Но главное для меня - последующие встречи с генералом Болдиным, наши беседы о 41-м годе; они зародили во мне желание засесть за свою собственную книгу о тех тяжких и страшных временах, первых месяцах войны.
2
Известно, что случай часто служит человеку добрую службу...
В конце августа или начале сентября 1945 года мы с моей женой Тоней и малолетней дочерью Галей приехали в Москву к Тониным родителям. Это был мой первый отпуск в жизни. После отпуска мне надлежало явиться в управление кадров Главного политуправления за назначением на новую должность. Хотелось попасть куда-нибудь в южные края - так посоветовали врачи, обнаружив у Гали предрасположение к легочным заболеваниям. Но впереди был еще целый месяц свободного времени, и мы с Тоней беззаботно проводили его в прогулках по столице.

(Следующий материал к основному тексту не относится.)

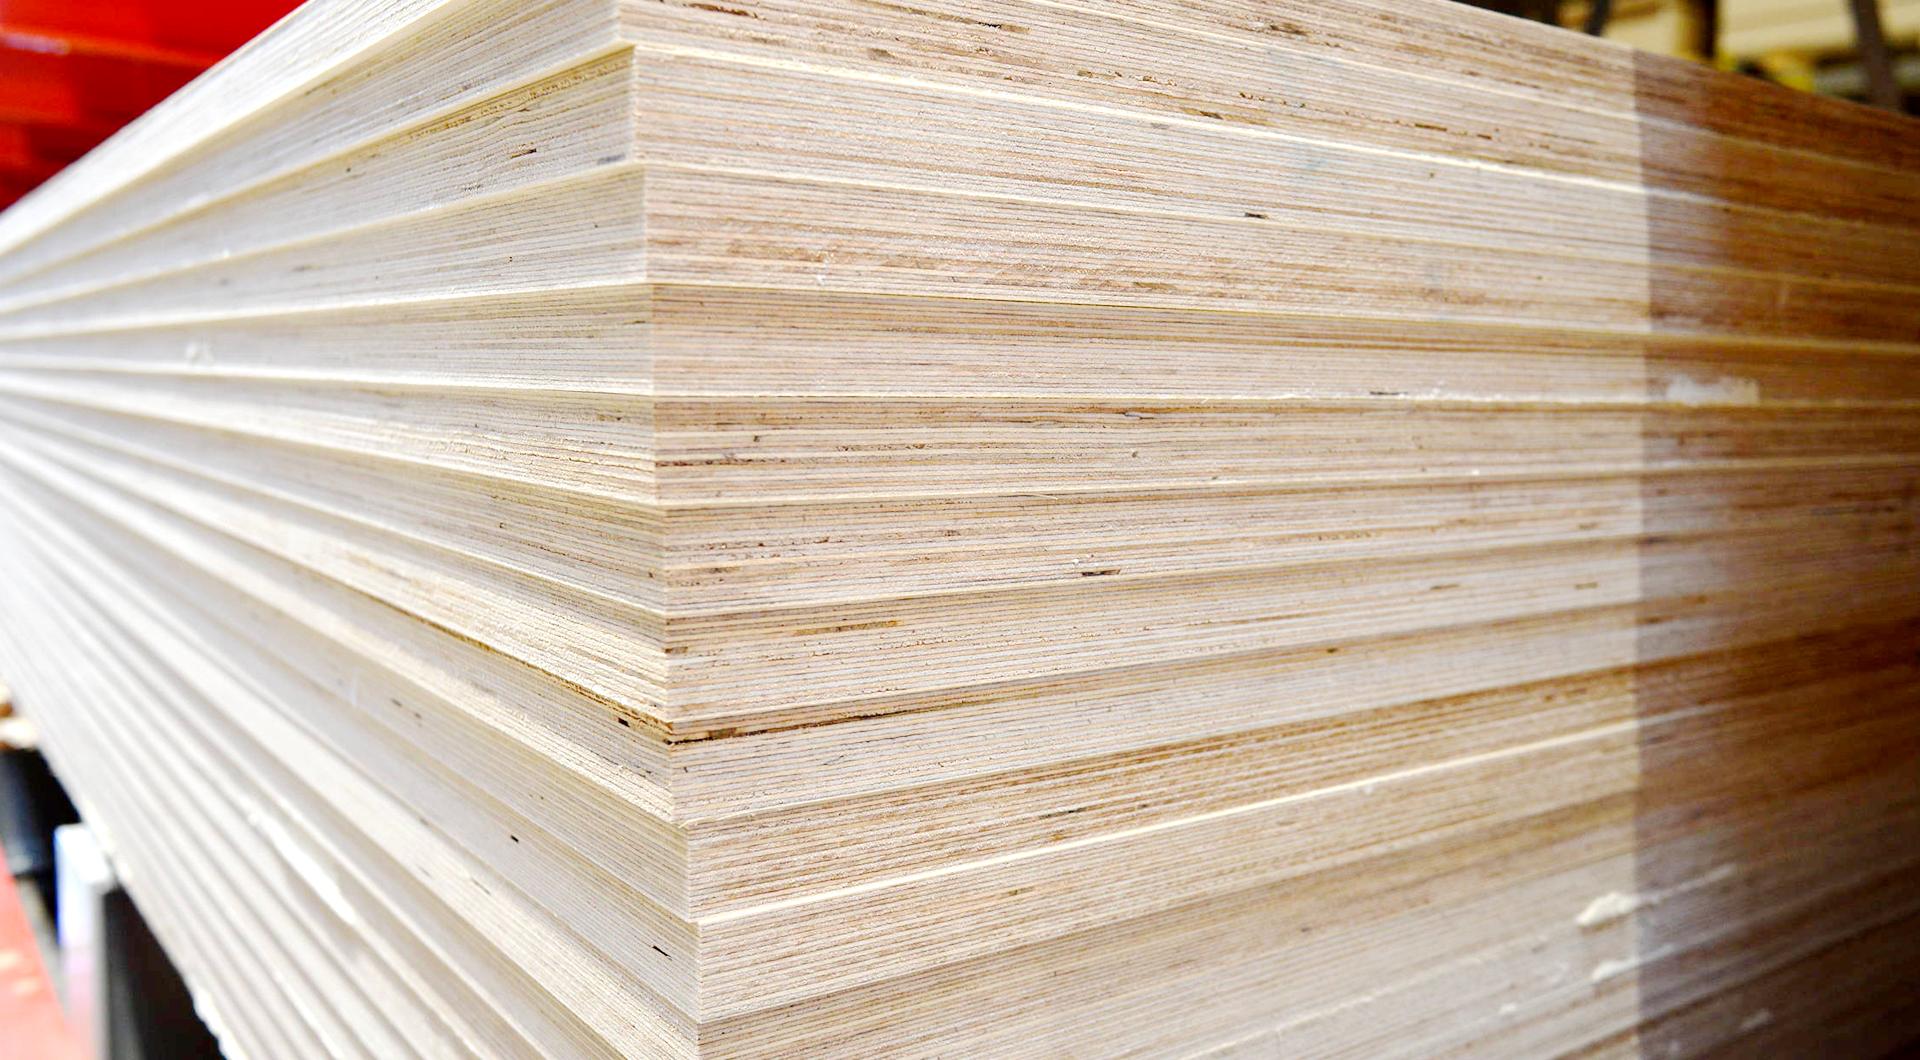 sperrholzplatten holz roeren in krefeld hat die passenden. Black Bedroom Furniture Sets. Home Design Ideas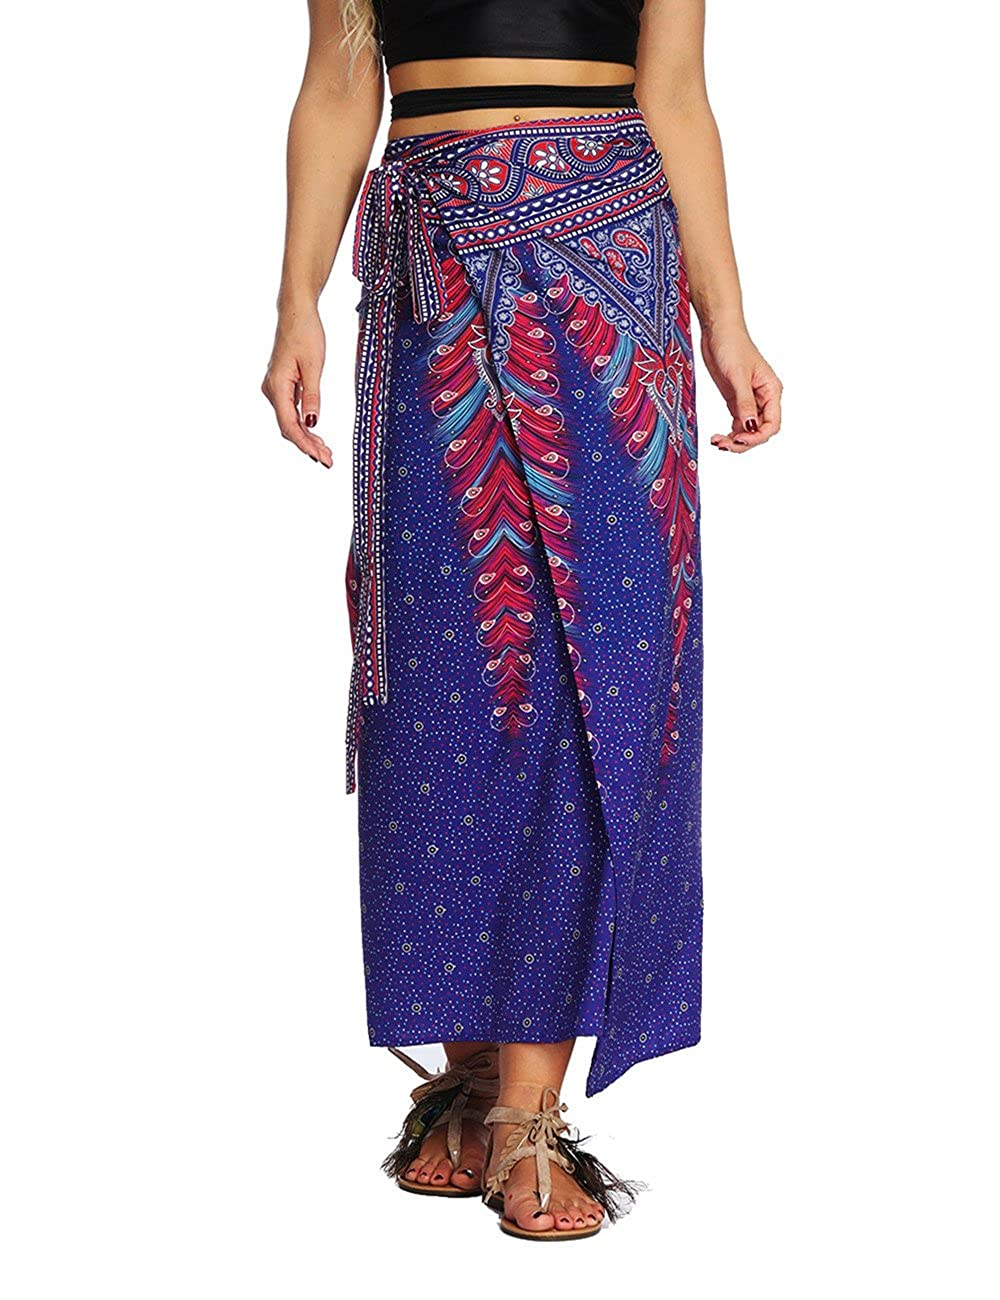 Women Summer Wrap Maxi Skirt Seamless Tie up High Waist One Piece Skirt Indie Folk Hippie Boho Aladdin Wrap-Around Skirt BlackElephant) UKWSOnePSkirtBlackElephant1

В тот день мы приехали на Арбатскую площадь с намерением попасть в кинотеатр "Художественный". Выйдя из метро, я услышал, что меня кто-то окликнул. Обернулся на голос и увидел знакомого симферопольского поэта-фронтовика капитана Бориса Сермана, который служил в газете одной из дивизий нашей 27-й армии. Борис - невысокий, худощавый, обрадованно пожимал мне руку и загадочно посмеивался.
- А я везу тебе в Винницу письмо из Симферополя! - сказал он.
- Я уже покинул Винницу насовсем. От кого письмо?
- От Евгения Ефимовича Поповкина. Он в Симферополе редактирует газету Таврического военного округа "Боевая слава". - Борис достал из сумки и вручил мне запечатанный конверт. - Это же чудо: встретить именно тебя в многомиллионном городе!
Конечно, удивляться было чему. Тут же у метро мы прочитали письмо. В нем Поповкин, бывший в 1942 - 1943 годах редактором нашего "Мужества", приглашал меня добиться назначения в его газету на должность начальника отдела боевой подготовки. Писал также, что держит для меня просторную комнату в коммунальной квартире; советовал предварительно прилететь в Симферополь, увидеть все своими глазами.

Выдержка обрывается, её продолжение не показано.